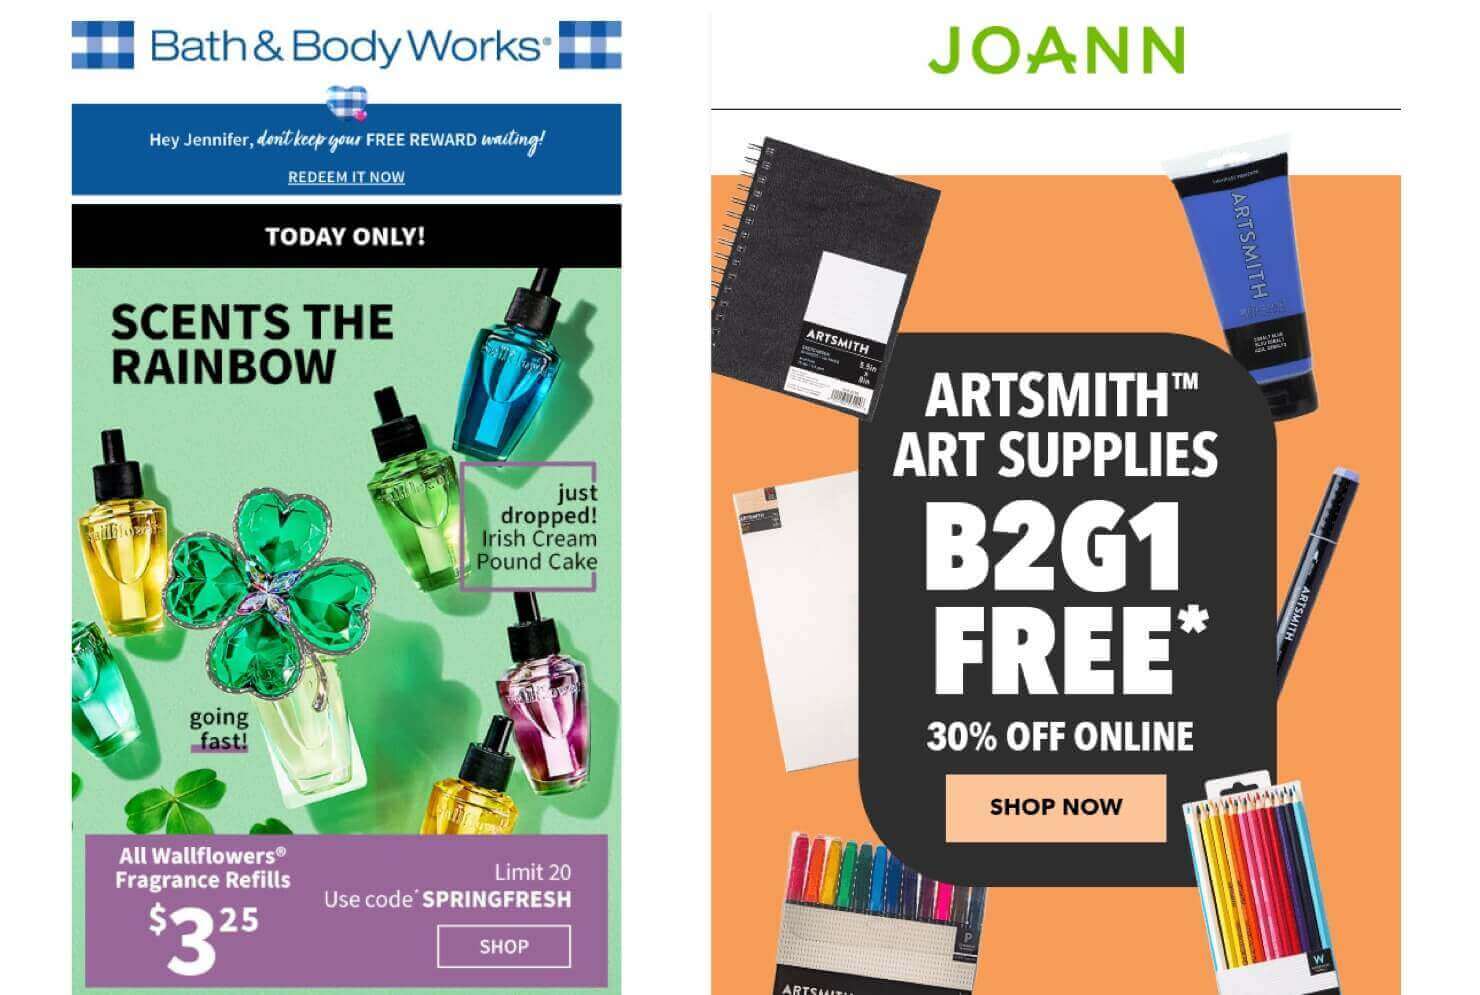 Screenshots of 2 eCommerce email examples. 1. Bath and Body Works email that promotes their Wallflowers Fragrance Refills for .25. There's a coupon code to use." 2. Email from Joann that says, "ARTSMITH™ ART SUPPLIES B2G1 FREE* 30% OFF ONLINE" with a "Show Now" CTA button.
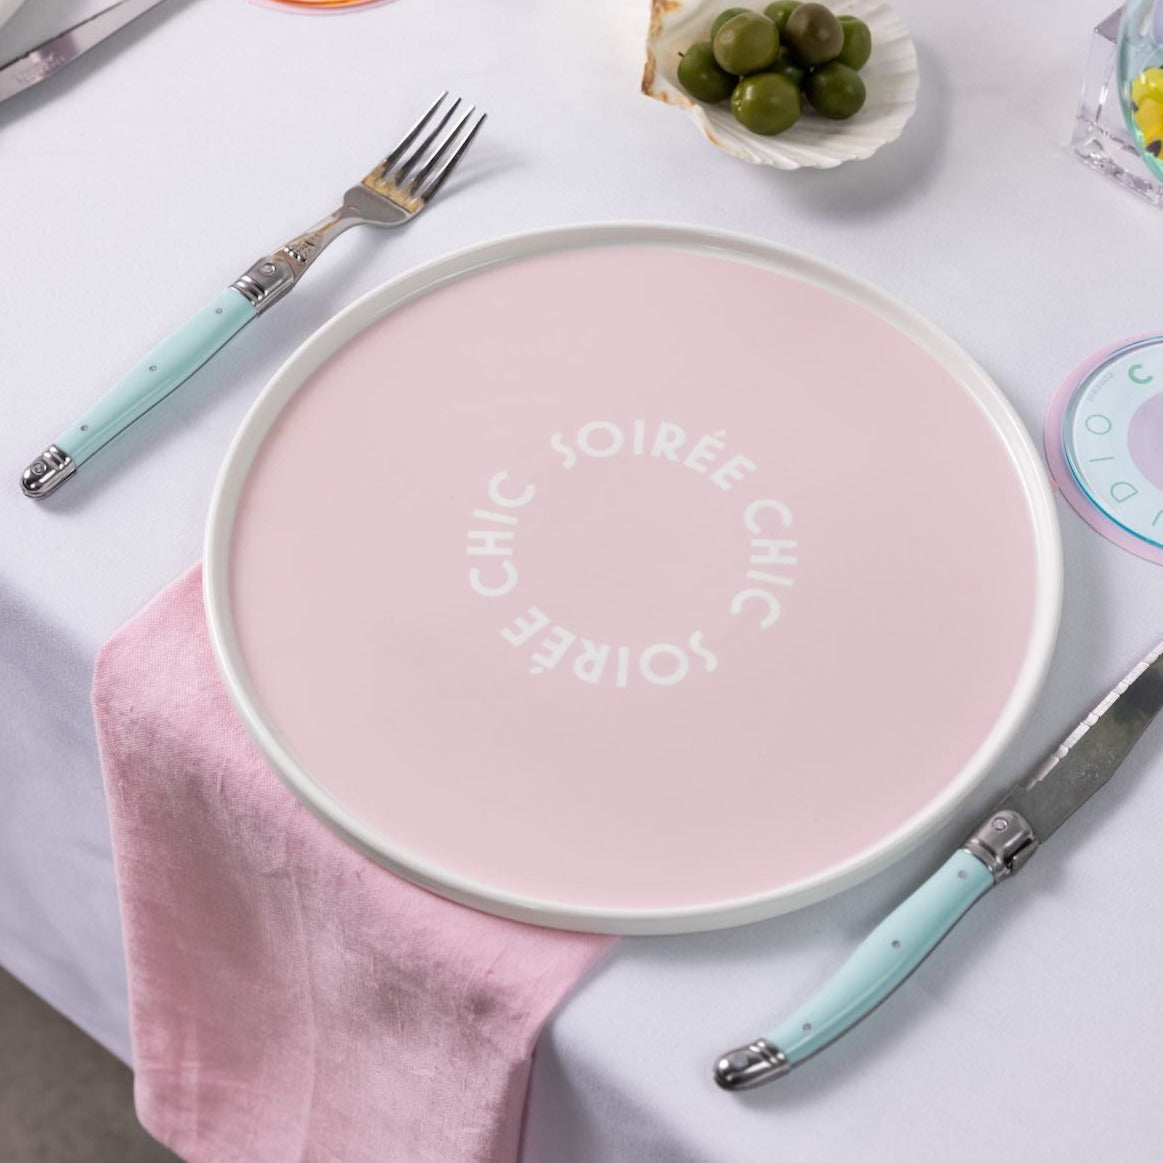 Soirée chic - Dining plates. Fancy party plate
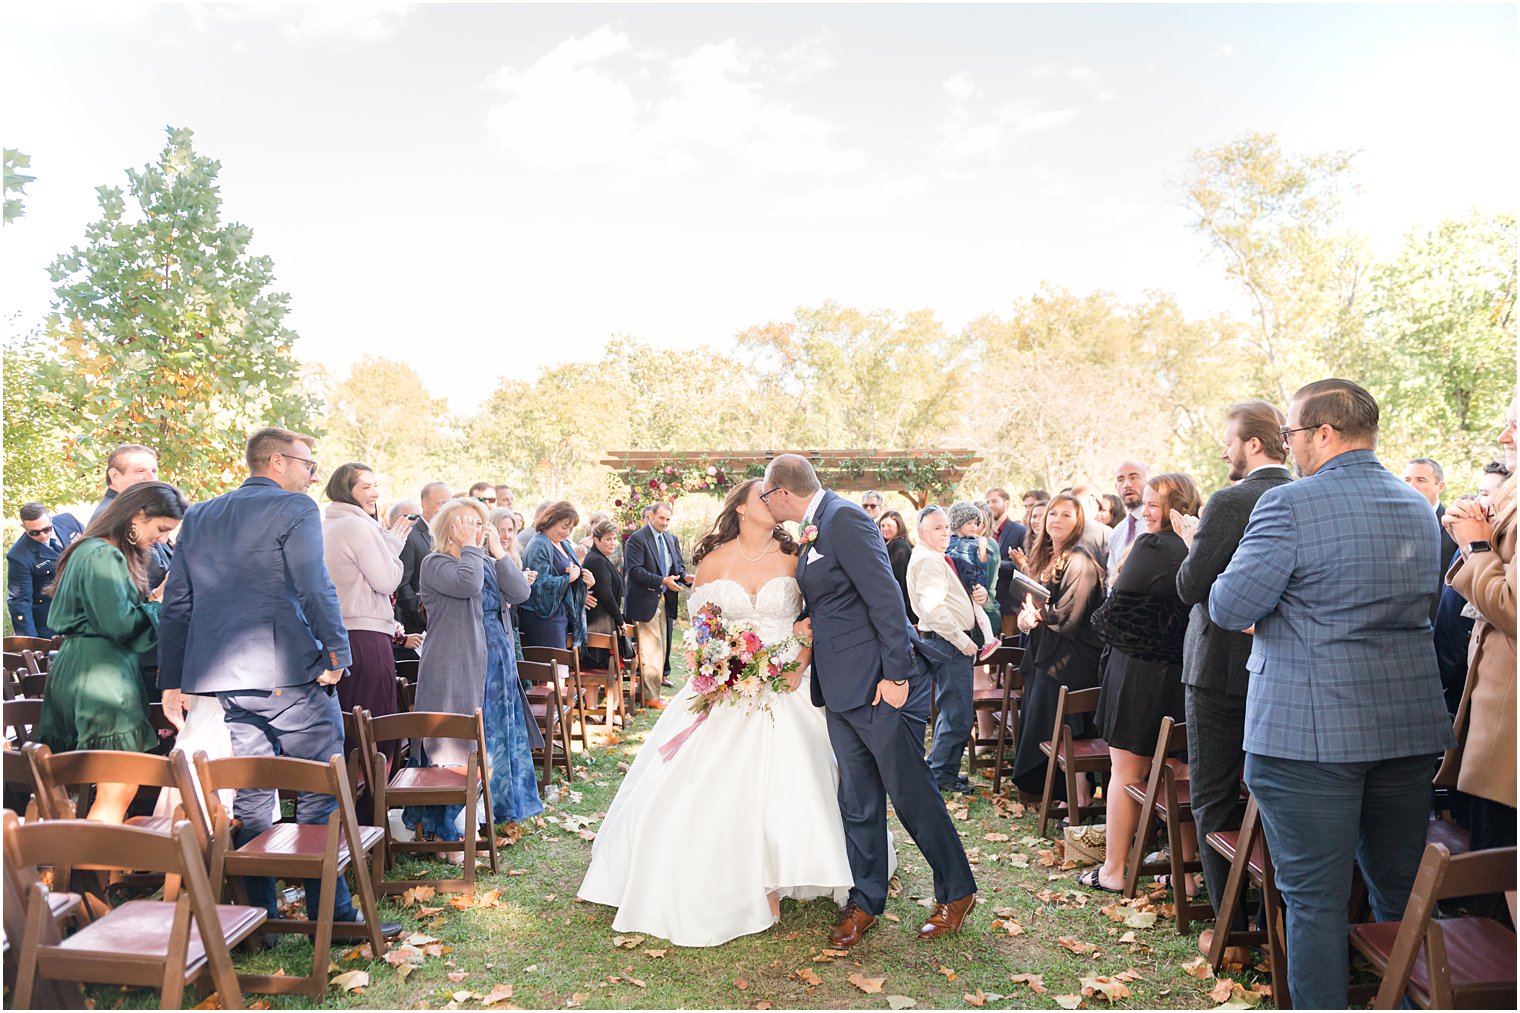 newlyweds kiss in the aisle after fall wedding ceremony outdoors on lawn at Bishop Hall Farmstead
————————
Could you write out the whole listing exactly, dropping the pictures?

Exercise response
 Screenshots of 2 eCommerce email examples. 1. Bath and Body Works email that promotes their Wallflowers Fragrance Refills for .25. There's a coupon code to use." 2. Email from Joann that says, "ARTSMITH™ ART SUPPLIES B2G1 FREE* 30% OFF ONLINE" with a "Show Now" CTA button.
 Soirée chic - Dining plates. Fancy party plate
 newlyweds kiss in the aisle after fall wedding ceremony outdoors on lawn at Bishop Hall Farmstead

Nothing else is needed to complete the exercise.